_Description of the task:_ A copy of the listing below is needed, exact in every line and without images.

#### Available data ####

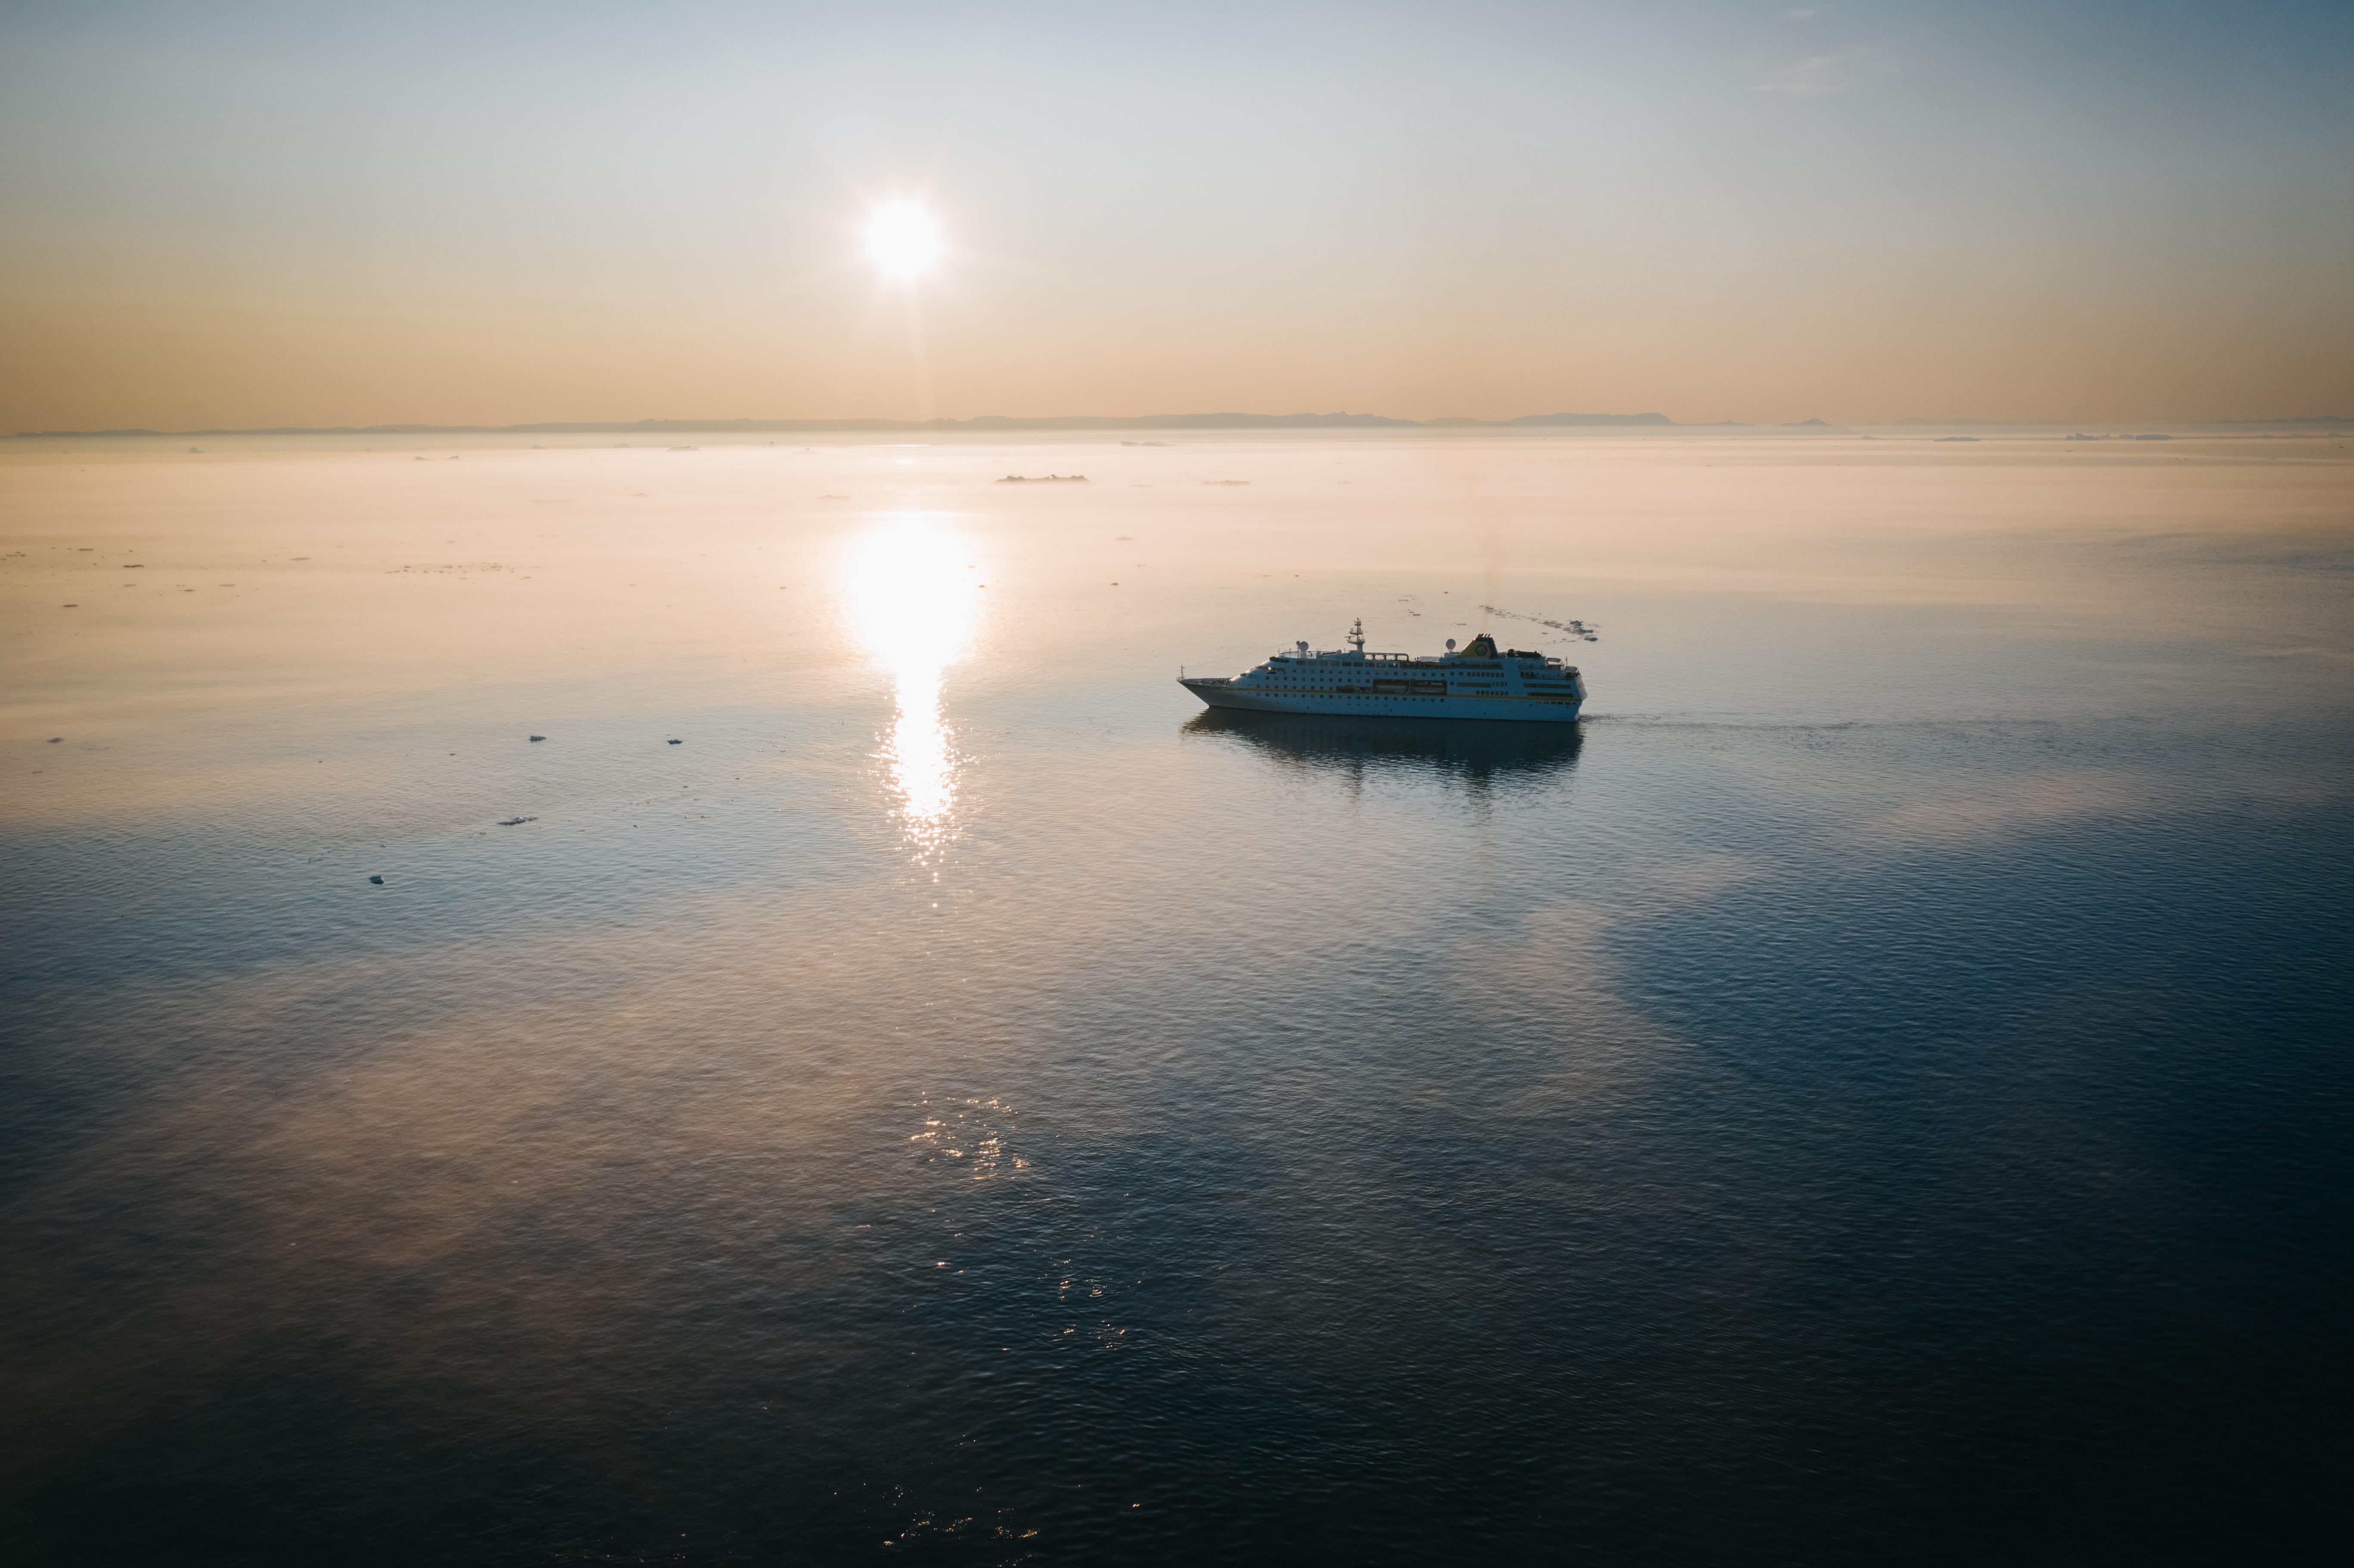 Groenland/Ililissat
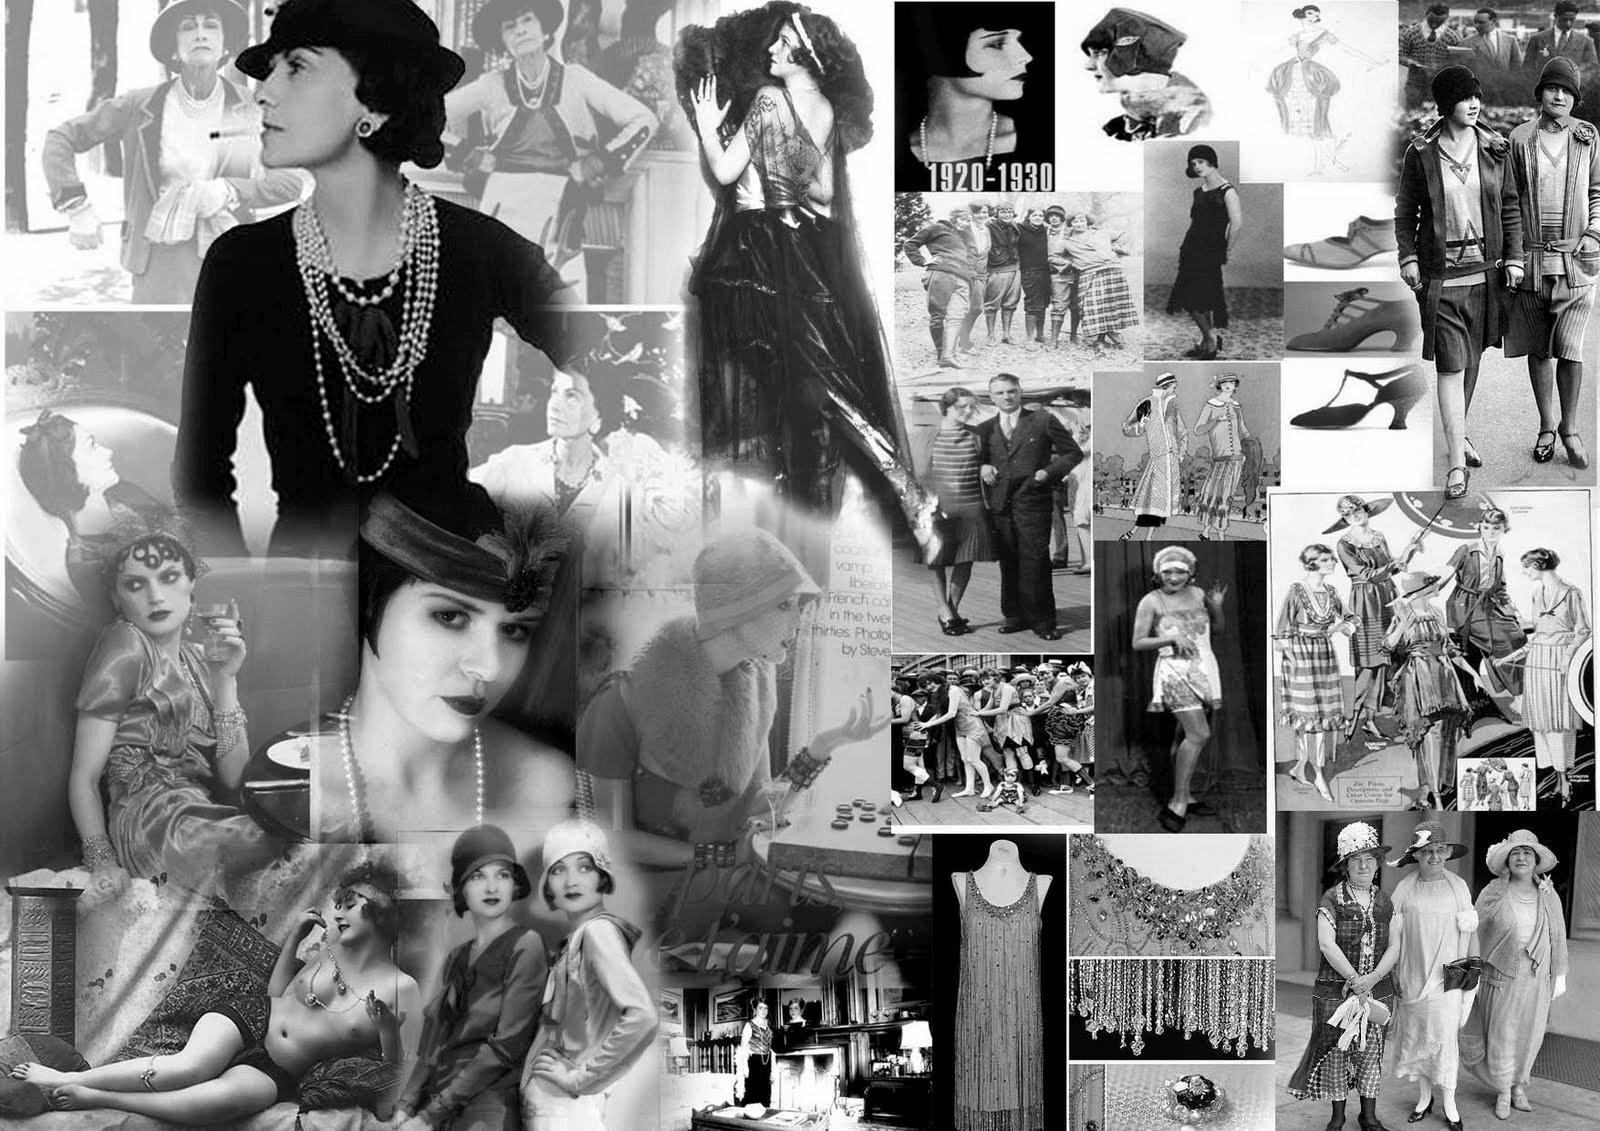 Moda y revolución: estilos que dejaron huella en el siglo XX (primera parte) - Estilo de vida
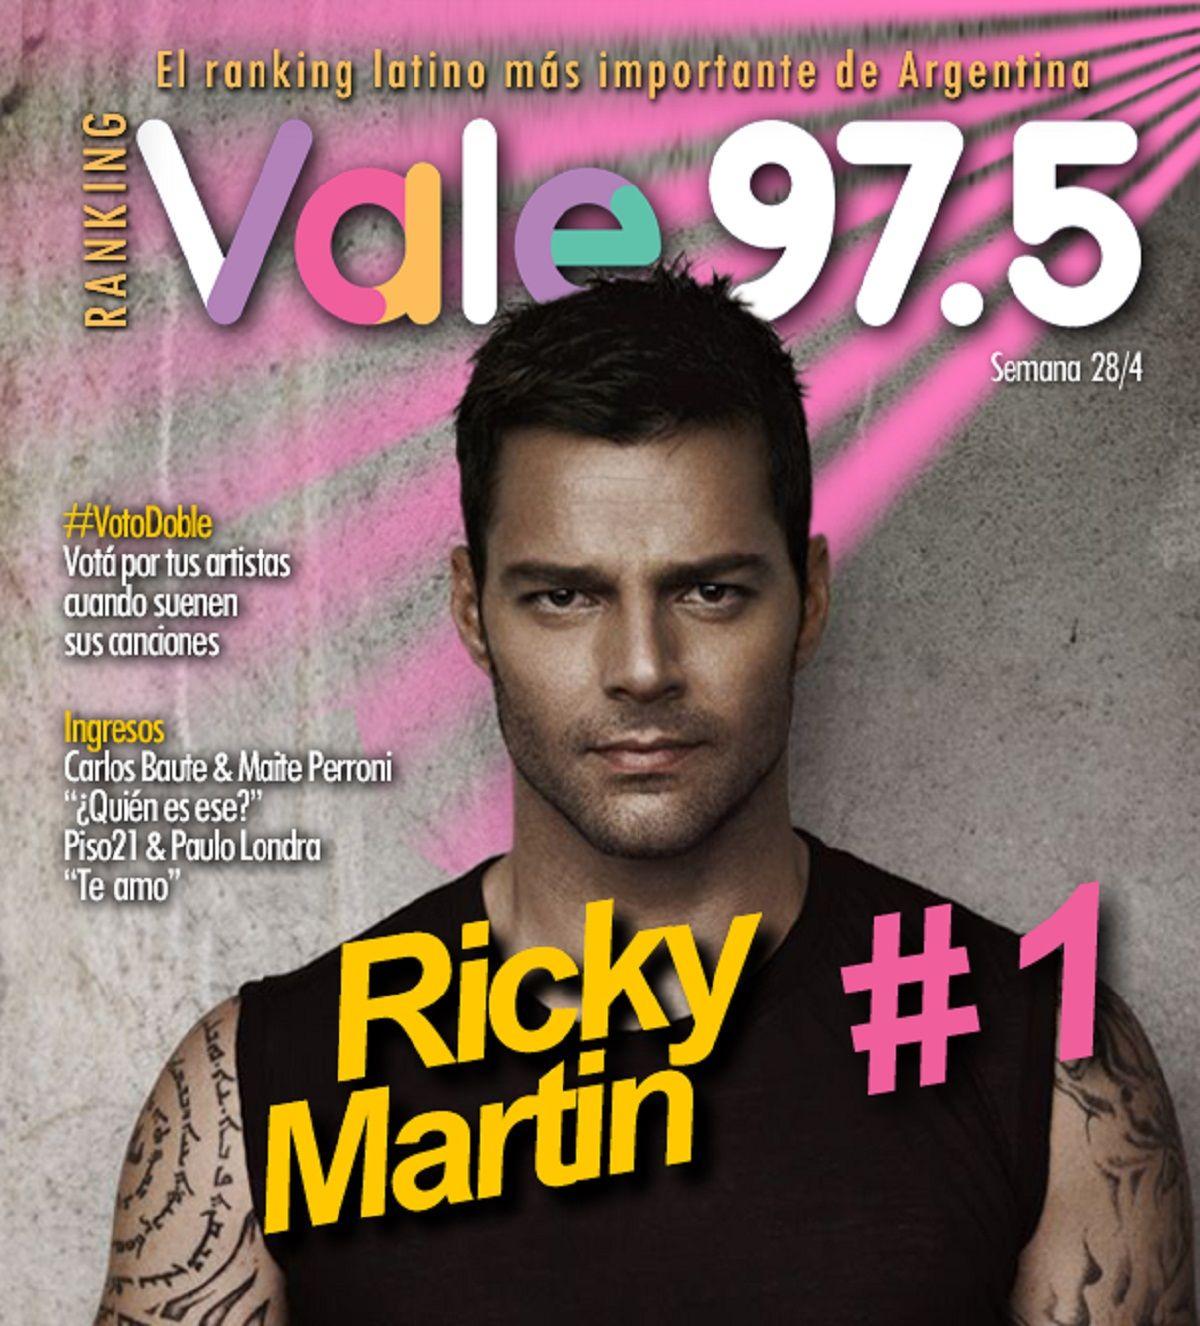 Ricky Martin, el rey del Ranking Vale

####

_The completed task:_
 Groenland/Ililissat
 Moda y revolución: estilos que dejaron huella en el siglo XX (primera parte) - Estilo de vida
 Ricky Martin, el rey del Ranking Vale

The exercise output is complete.